Difference with
What is generated is a generator, generator, which means that each word in it can be fetched by a for loop.
word_list= [word for word in (text)]
What is generated directly is a list
Prefix dict has been built succesfully. Full Model me/next/Beijing, capital of People's */go to school ['I', 'Come on', 'Beijing', 'Going to school']
Several participle interfaces for jieba: cut, lcut,,
cut
cut provides the most basic word segmentation functionality, and returns a generator, which can be accessed by iterating over the individual words.
lcut
The difference between lcut and the cut method is that lcut returns a list. it can also be equated to () by list(())
-
prosseg
methodologies
The difference between posseg and the same is similar, except that posseg also provides lexical properties, which facilitates syntactic analysis.

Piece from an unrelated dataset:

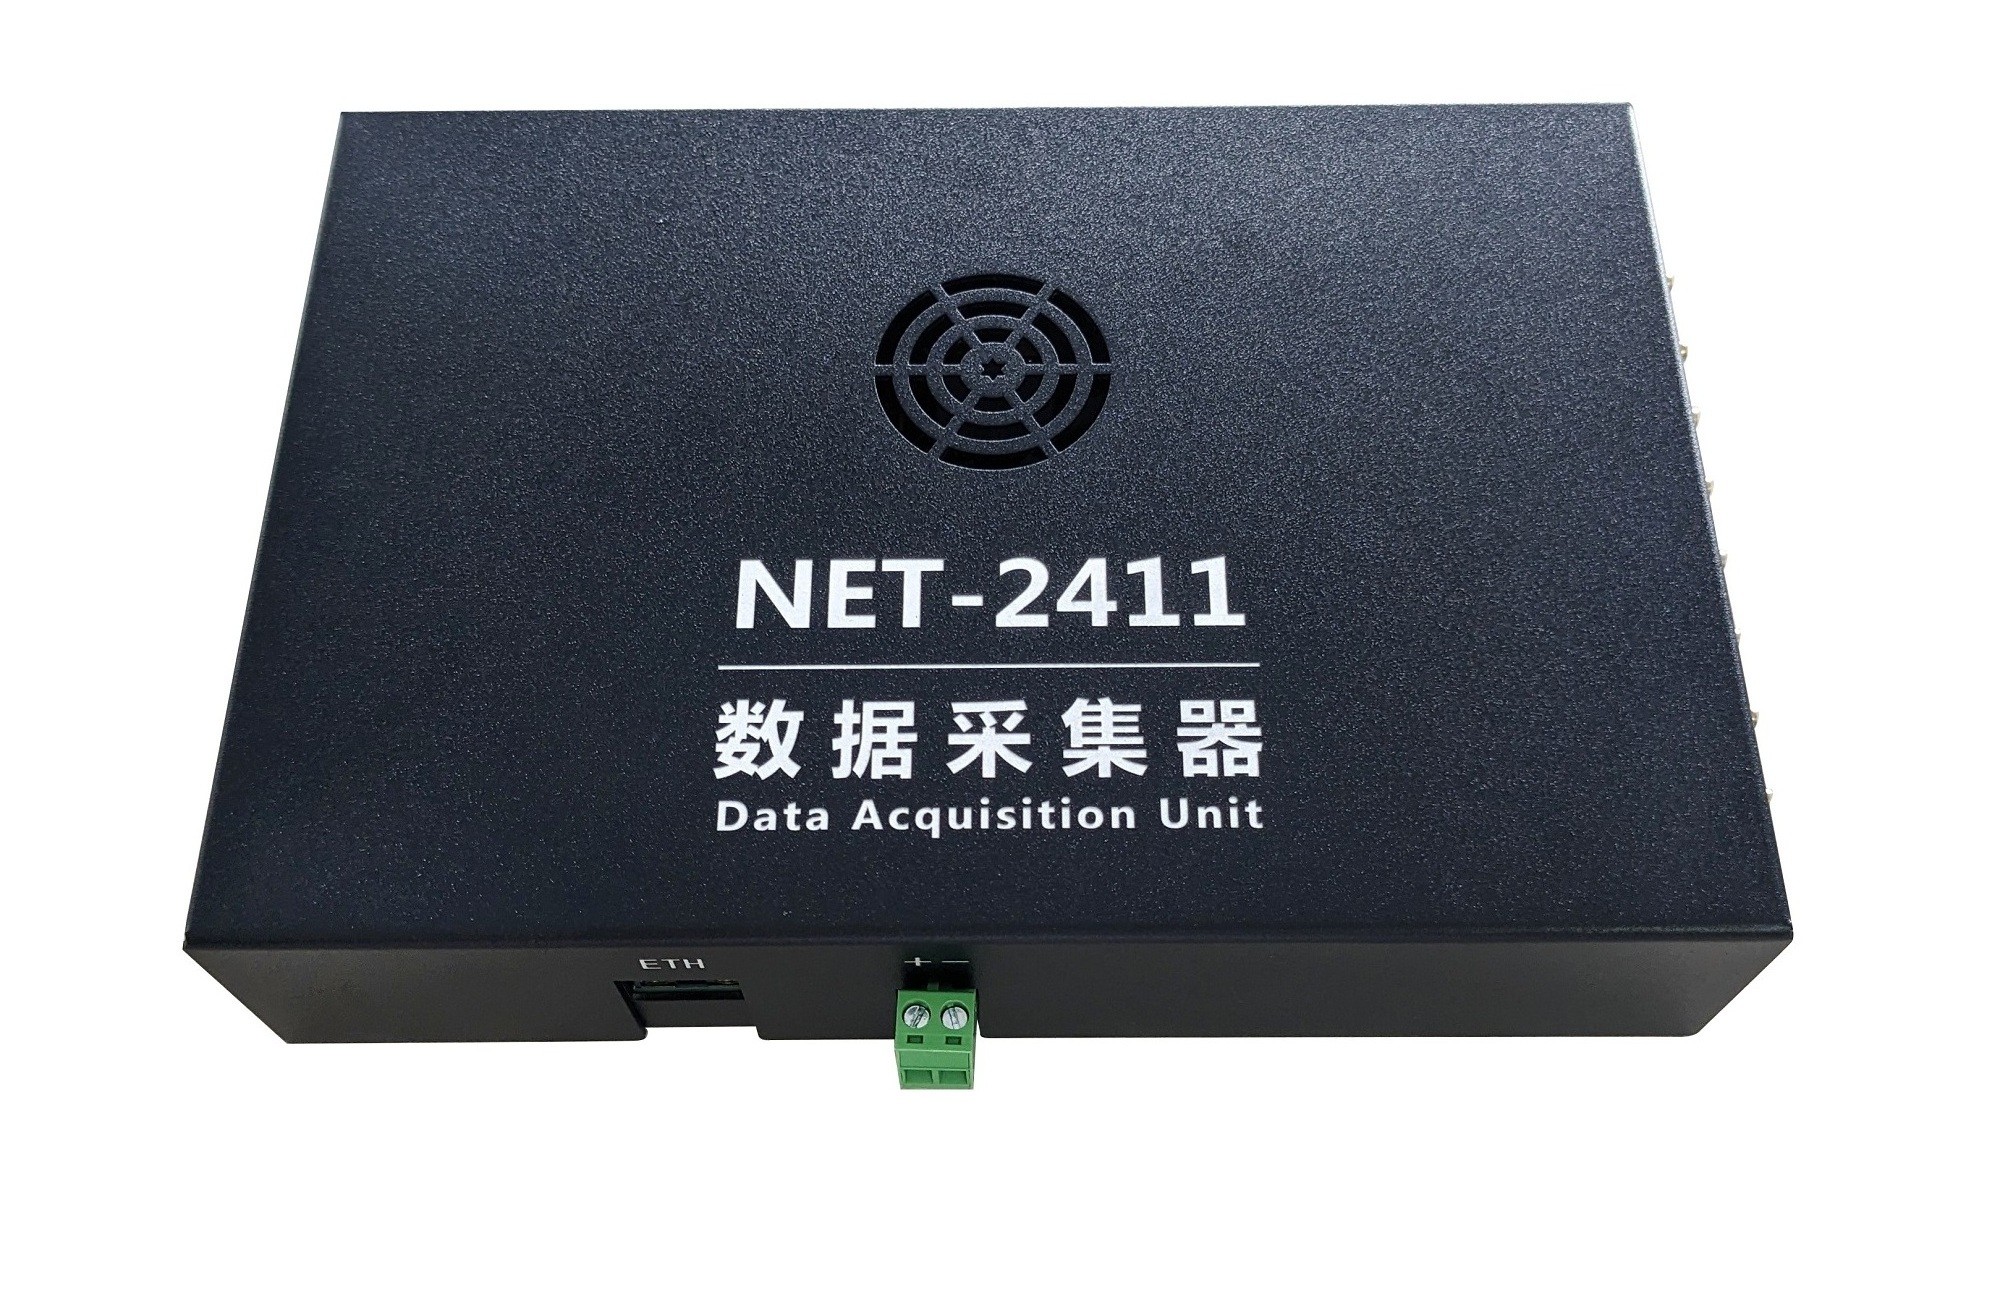 NET-2411

s = 'We're all little frogs, we croak, we croak, we like to be happy, and we tell jokes.' import jieba (s) # <generator object cut at 0x10a6e5500> list((s)) # [u'\u6211\u4eec', u'\u90fd', u'\u662f',...] (s) # [u'\u6211\u4eec', u'\u90fd', u'\u662f',...] import (s) # <generator object cut at 0x10cc80eb0> list((s)) # [pair(u'\u6211\u4eec', u'r'), pair(u'\u90fd', u'd')...] (s) # [pair(u'\u6211\u4eec', u'r'), pair(u'\u90fd', u'd')...]
summarize
The above is a personal experience, I hope it can give you a reference, and I hope you can support me more.